ELECTION BREAKTHROUGH
The movement's biggest success came in last month's local elections in which it won the mayoral race in Parma, gained dozens of council seats and fuelled a rout of Berlusconi's People of Freedom (PDL), the main party on the centre-right.
That represented a breakthrough for a movement that sprang out of Grillo's popular "V-Day" anti-corruption rallies, named to match a widely used Italian obscenity that starts with V and means roughly "Up Yours".
With national elections looming early next year, opinion polls currently point to a government led by the centre-left but Grillo, who strongly opposes traditional political alliances, would have a big part to play from the sidelines.
Significantly, his strongest support comes from younger people and the north of Italy, the most productive part of the country that was the stronghold of the regionalist Northern League party before it, too, was brought low by scandal.
A prolific blogger, who now shuns television, the 63 year-old has drawn large numbers of younger voters, disillusioned with a traditional system that has shut them out of jobs and sent youth unemployment up to around 35 percent.
How long its success will last is an open question and there have been numerous teething troubles as its young, inexperienced candidates have had to come to grips with the reality of running a public administration.
But with the government's term due to end in less than a year, it looks set to add a further complicating factor to the already confused picture shaping up after Monti steps down.
Grillo's own profanity-strewn style and his scattergun abuse of politicians in speeches and on his popular blog, have fuelled frequent accusations of populism and demagoguery.
But behind him, he has an army of dedicated, well educated supporters whose mastery of the Internet and social networks far exceeds that of any of the mainstream parties.
"They'll have the experience of local government behind them by the time the elections come, then you've got the crisis in the other parties so I'm convinced he'll get to the elections in good shape," said Pessato.

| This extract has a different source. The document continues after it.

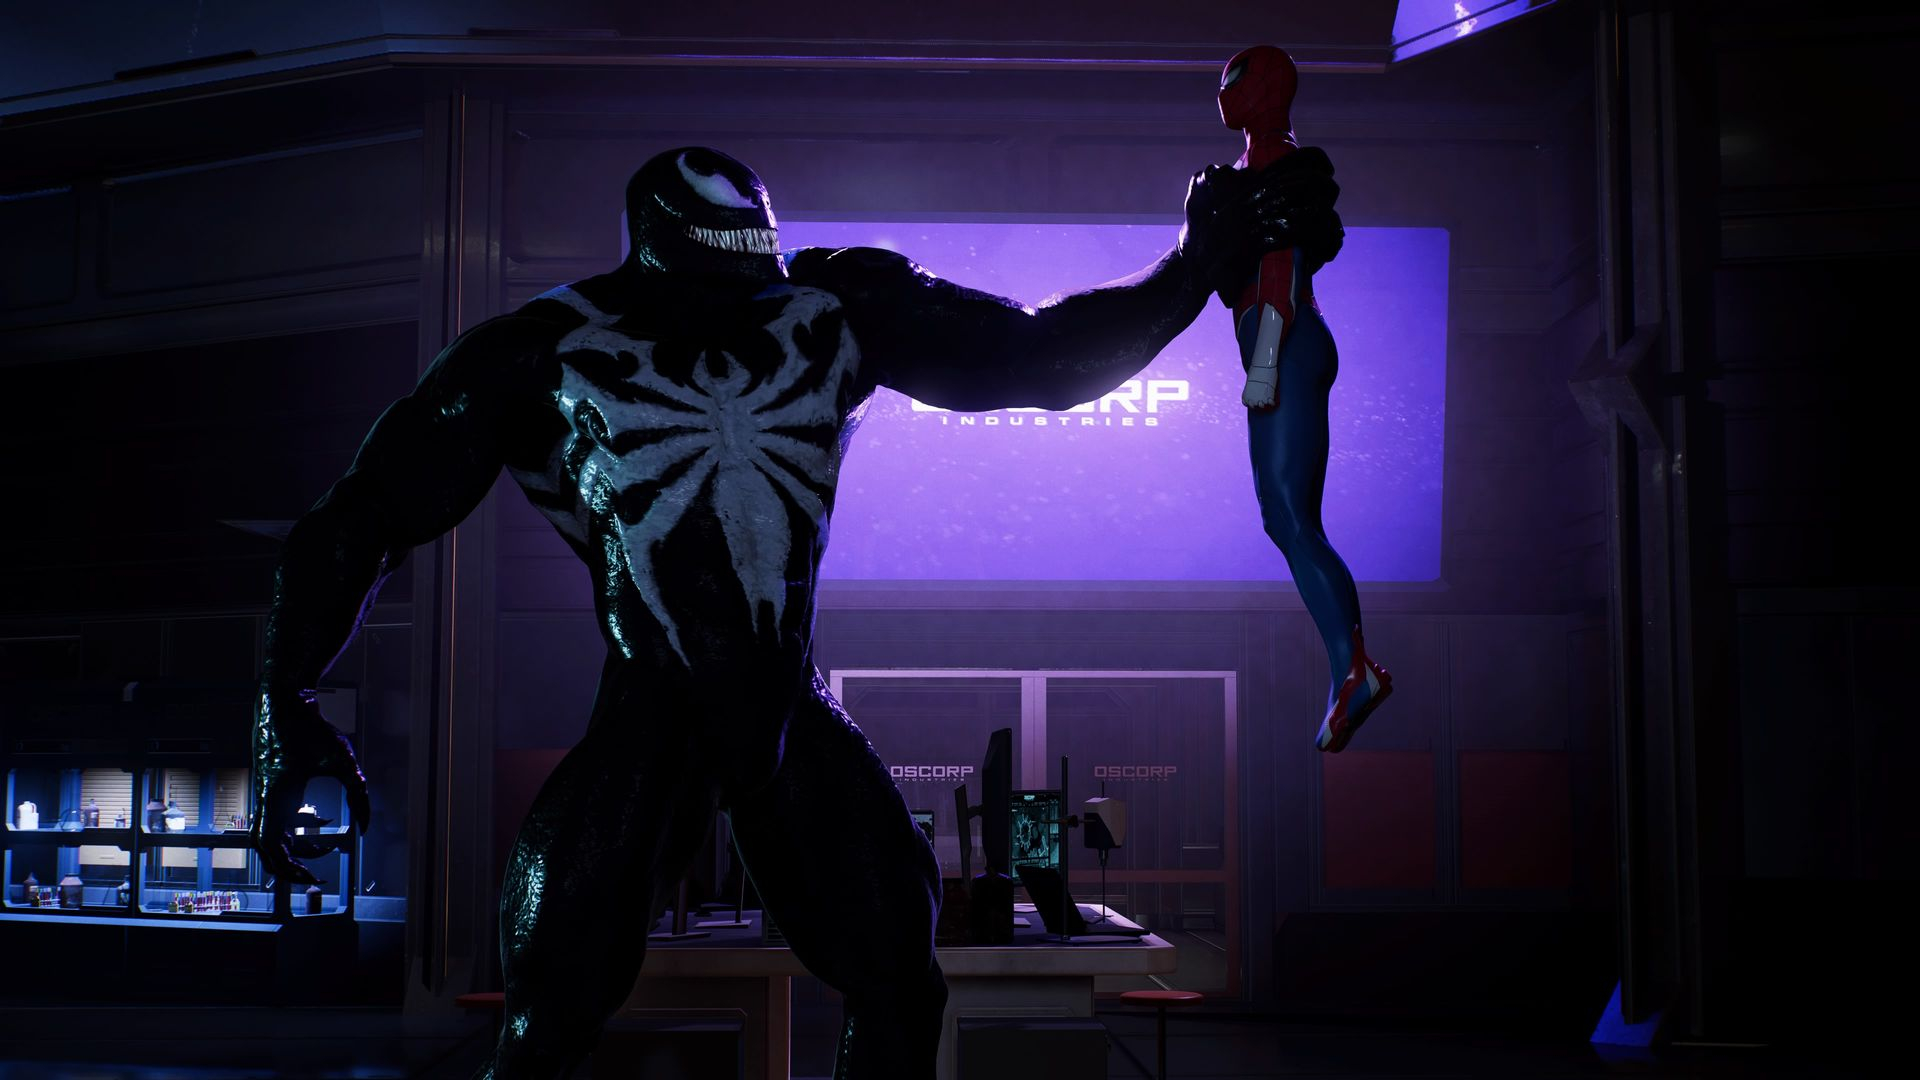 Как быстро устанавливать моды для Marvel's Spider-Man на ПК

Grillo vehemently denies his movement is a party in the normal sense, describing it as a "free association of citizens". He refused to stand for elected office himself after a conviction for manslaughter after three passengers died when a jeep he was driving crashed in 1981.
Its mixed bag of green-tinted, anti-establishment policies, with echoes of the platforms of other alternative groups such as the Pirate Party in Germany, certainly underline how difficult it is to pin down in classical political terms.
Its programme includes the abolition of the guild of professional journalists, a commitment to support non-profit companies and penalising companies that sell water in environment-unfriendly plastic bottles.
It wants to cut waste, combat political corruption and hold public officials criminally responsible for policies that cause death or injury. It encourages free health care, green energy and public transport instead of private cars. It wants to abolish corporate monopolies, strengthen the rights of small shareholders and protect local manufacturing.
"His proposals are very broad, apparently with no ideology but in fact with a new form of ideology which puts a number of ideas together coming from the libertarian left or the radicals, with others that come from the right," said LUISS university's Sorice.
One of the big differences with other grassroots groups such as the Pirate Party is the overbearing figure of Grillo himself, its only nationally recognisable figure but one whose hectoring style puts off many voters.
Italy has a long history of "anti politics", from the "Front of the Common Man", a short-lived postwar party whose motto was "Get off our backs," to the billionaire entrepreneur Berlusconi himself, who always campaigned as a plain-spoken outsider.
Whether the 5 Star Movement can establish itself as a durable alternative may depend on its relentless leader.
"Strangely enough, it's weak point may be Beppe Grillo," said Sorice. "If the movement manages to outgrow Beppe Grillo it could represent a significant share of the Italian electorate."